In Boston: Public Voice
NIN gifts have also given voice to a homelessness prevention project in Massachusetts. A first-time grant to City Mission Boston gave the organization’s Public Voice program the means to go out into the community to share stories about the issues involved with housing instability.
“We are very grateful for the support of Neighbors in Need for this initiative. We couldn’t have done it without you,” said the Rev. Ruth Edens, City Mission’s director of development and stewardship. “Public Voice directly supports the mission of City Mission to catalyze action to root out poverty in our neighborhood, and is a leading priority for the organization. We are pleased with our success in 2019, and have redoubled our commitment to expand an even more successful program in 2020 and beyond.”
City Mission partners with local churches to educate the public and to advocate with elected officials, so every family in Boston has safe and affordable housing; Public Voice makes it personal.
Last year, City Mission was able to train single mothers and others who have experienced housing instability to be able to speak about it – to bring insight and understanding to others in an appeal for action. Between May and October 2019, the Public Voice program reached 420 people at individual churches in addition to another 700 people at the Southern New England Super Saturday, where two Public Voice speakers led a workshop with the City Mission Executive Director. Seven churches hosted speakers between January and March of this year.

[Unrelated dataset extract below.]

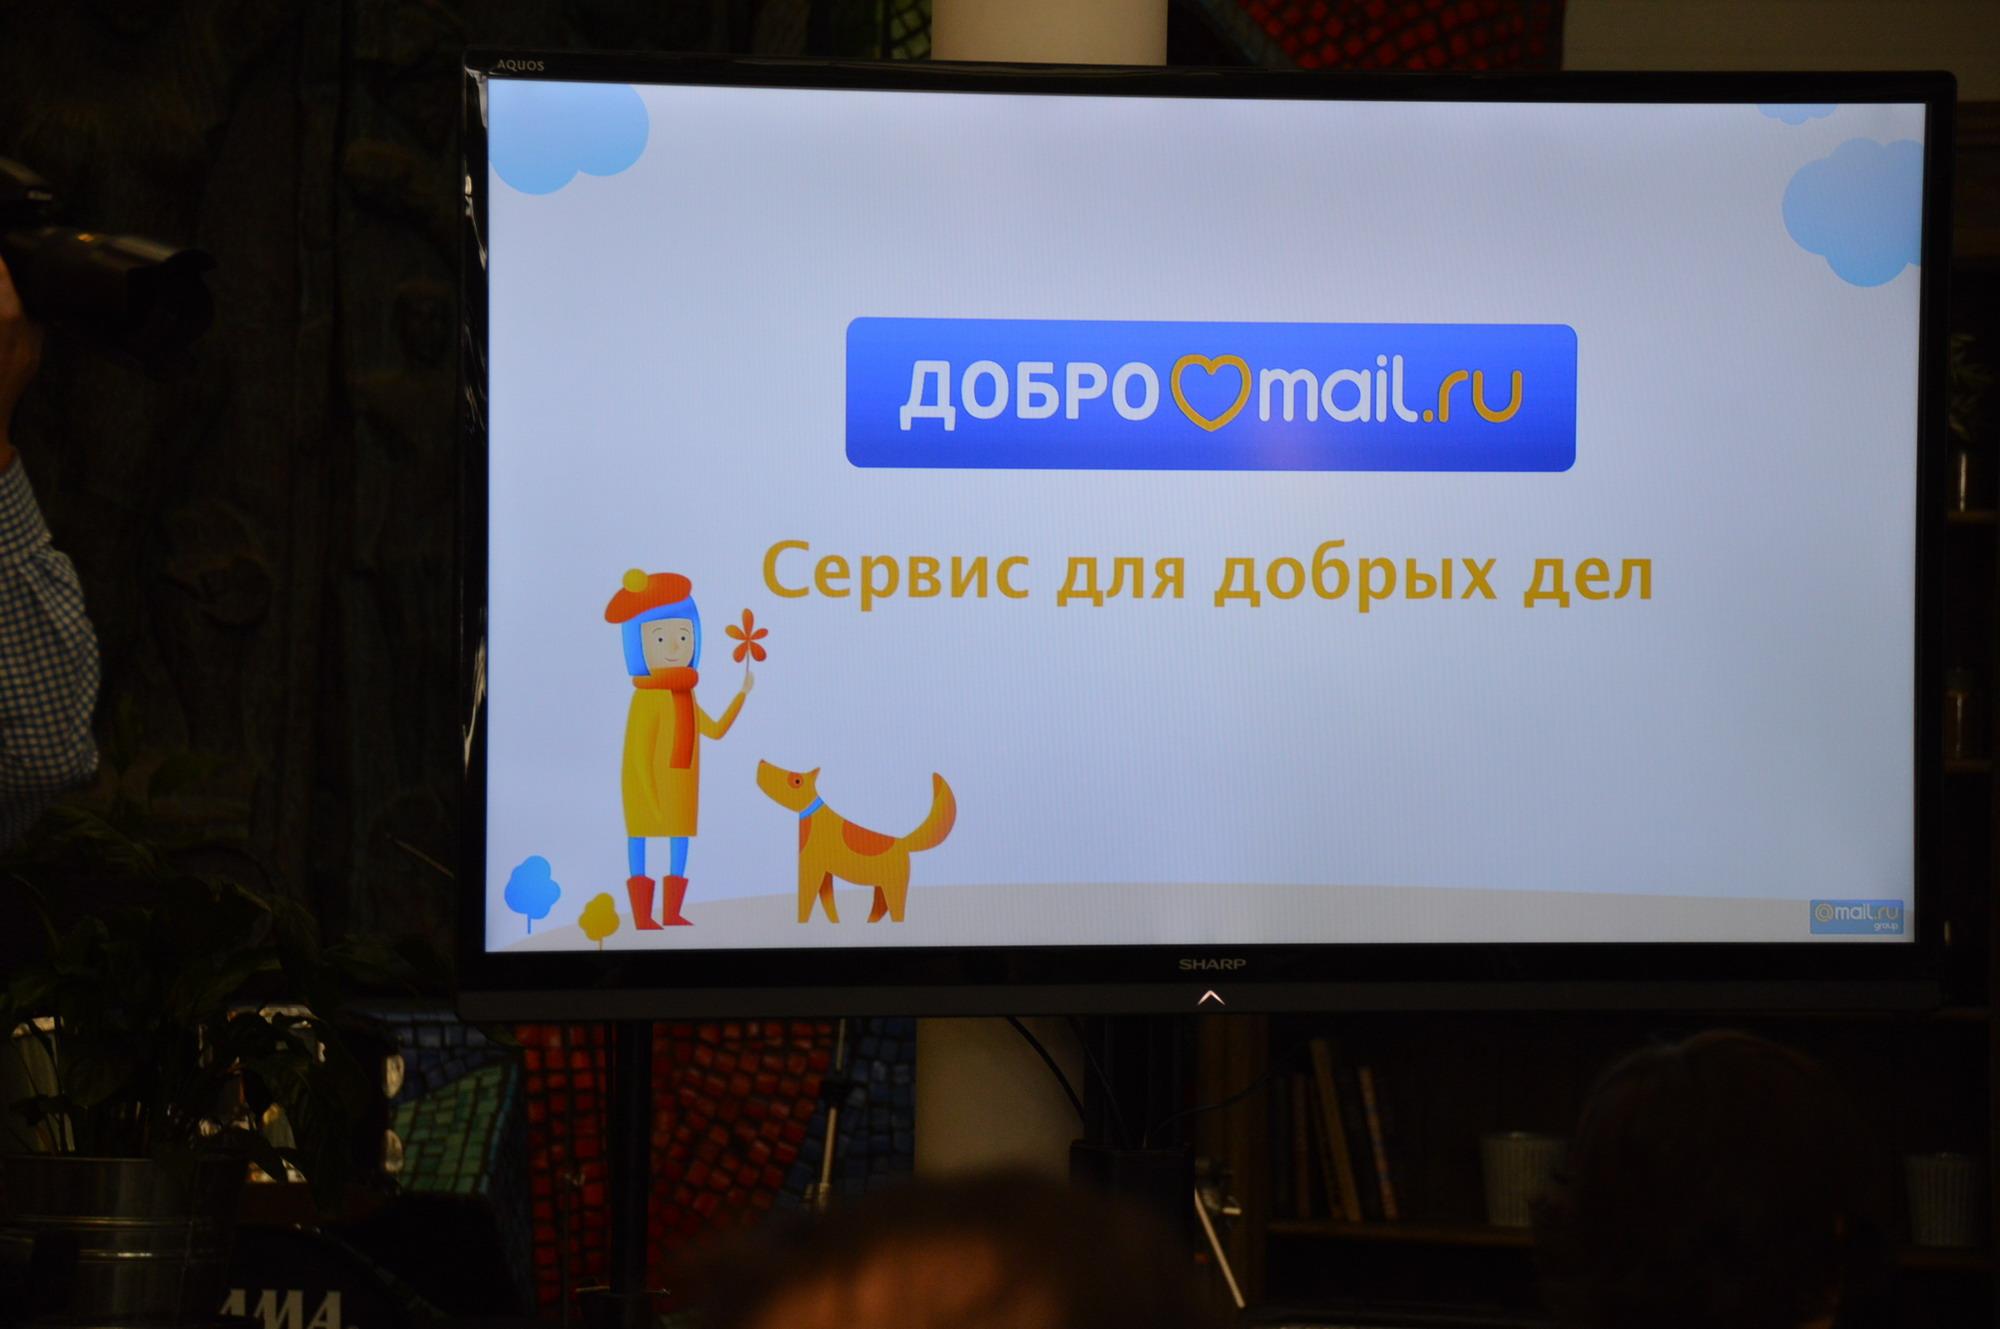 Даниловцы на Добро Mail.ru

And despite the challenges of the pandemic, Edens said, community audiences remain interested in gaining a deeper understanding about ways to address housing for all as a social justice issue.

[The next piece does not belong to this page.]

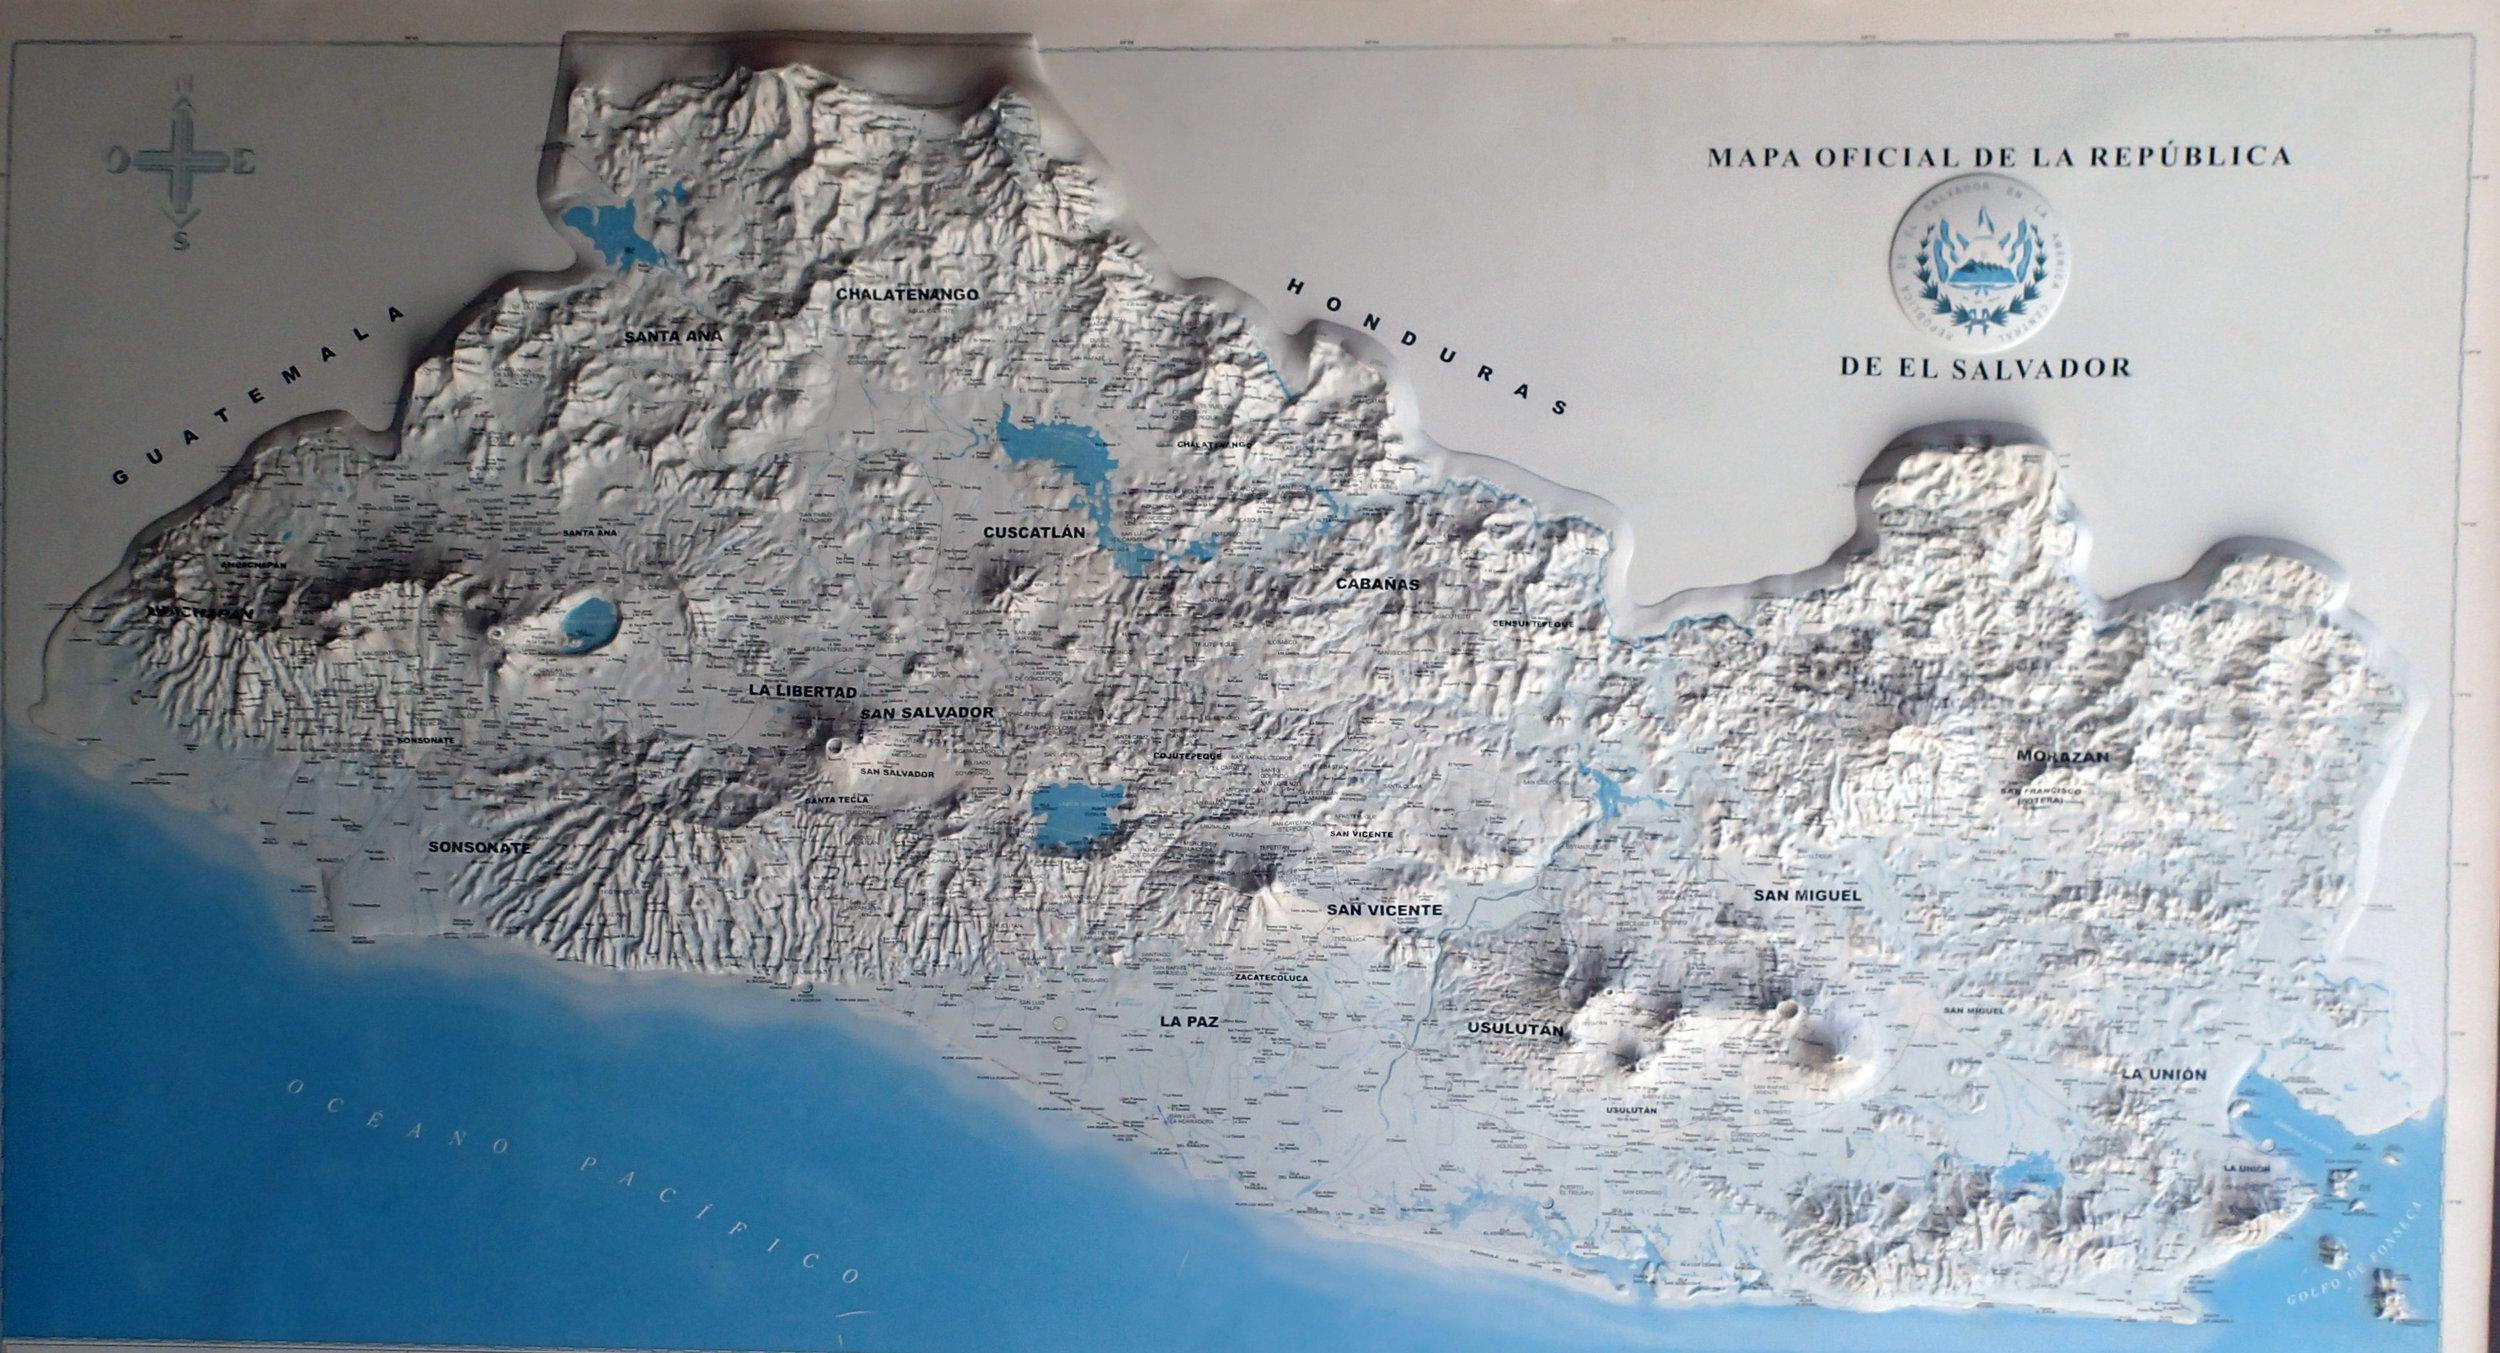 El Salvador map.jpg

“A group of 10 women were accepted into the Public Voice class of 2020 and they started their weekly workshops in early September,” Edens said. “Since then, they have shown commitment to the program and to different social justice issues. In fact, some of them participated in a virtual forum as speakers on Sept. 21 to educate community leaders and corporations on housing issues in Boston.”
In 2020: Special pandemic-relief grants
This year because of COVID-19 and the impact it has had on churches in the denomination, the UCC national ministries reallocated several grant funding sources to create a pool of $444,000 for assistance. To date, 152 pandemic-relief grants have been awarded, with 62 percent awarded to congregations that had no other external financial support; 49 percent awarded to congregations of color; 14 percent awarded to rural congregations.

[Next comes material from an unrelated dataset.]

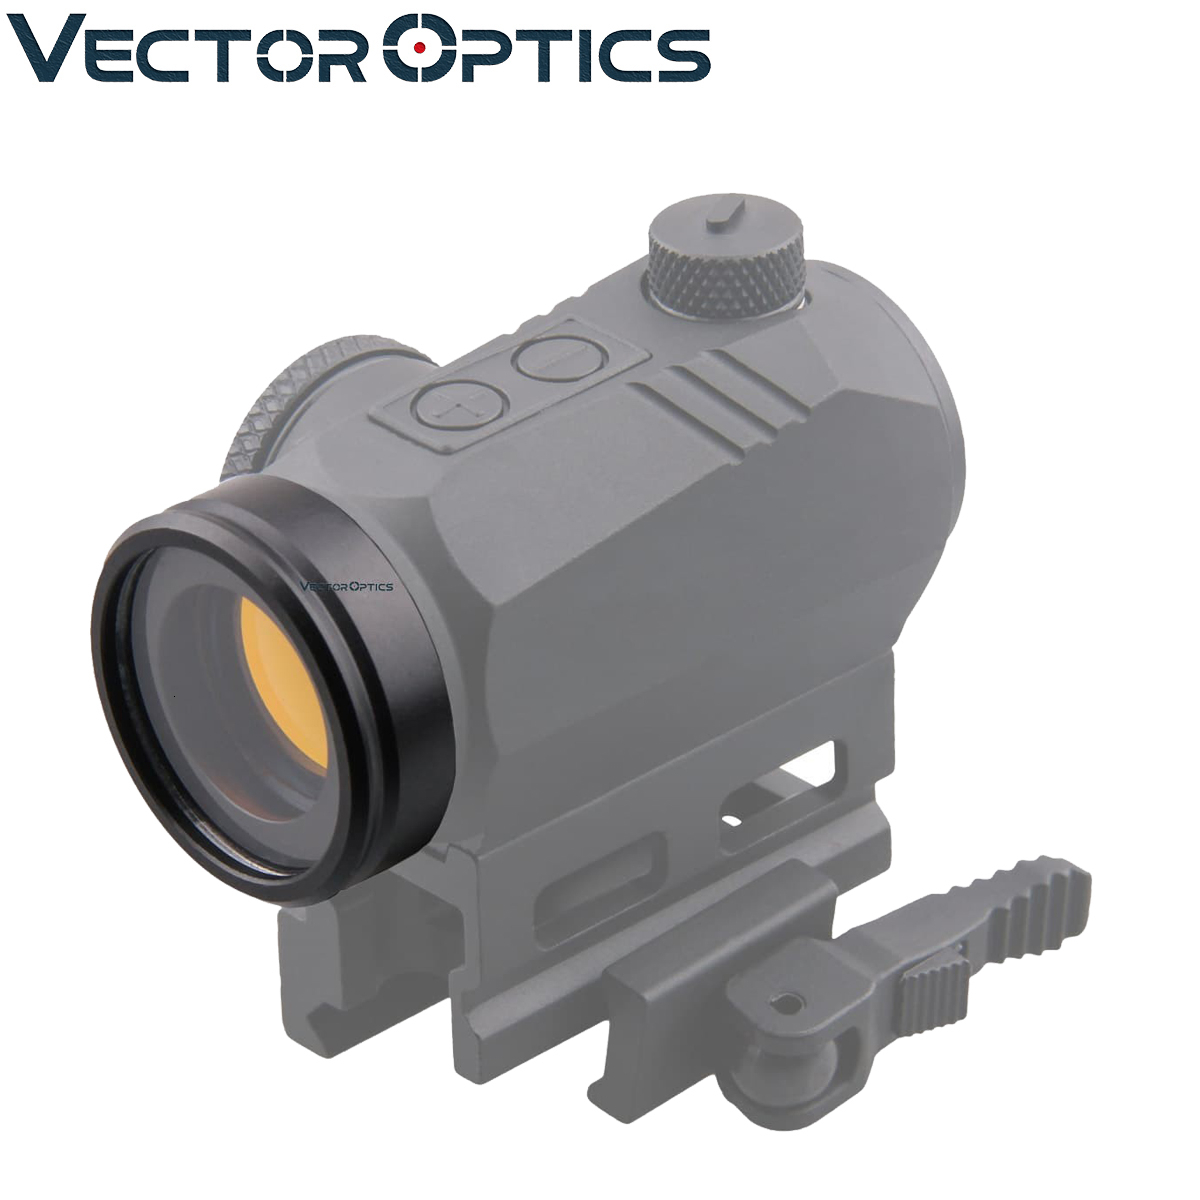 Vector Optics Red Dot Sight Scope Lens Protection Cover Fit Harpy Maverick Centurion Full Metal For Airsoft Game Avoid Broken

“Neighbors in Need funds were set aside and earmarked for operational support dollars for congregations that provide direct service, with awards that go up to $1,500,” said the Rev. Aaron Wade, program associate for Congregational Granting, Justice and Local Church Ministries. “Through the reallocation, we made 100 grants available from this funding source. As of today, we have awarded 47 grants. There are 53 grants left in this category and the rolling application is scheduled to remain open to the end of the year.
“In 2021, we plan to go back to the traditional funding expectations, with a few new and improved application and administrative changes. The goal is to move all Justice and Local Church Ministries grants to an online common application, to make the pursuit of funding easier for potential grantees.”
The 2020 NIN offering, with a theme centered on children, will be received in most UCC congregations on Oct. 3, as part of World Communion Sunday.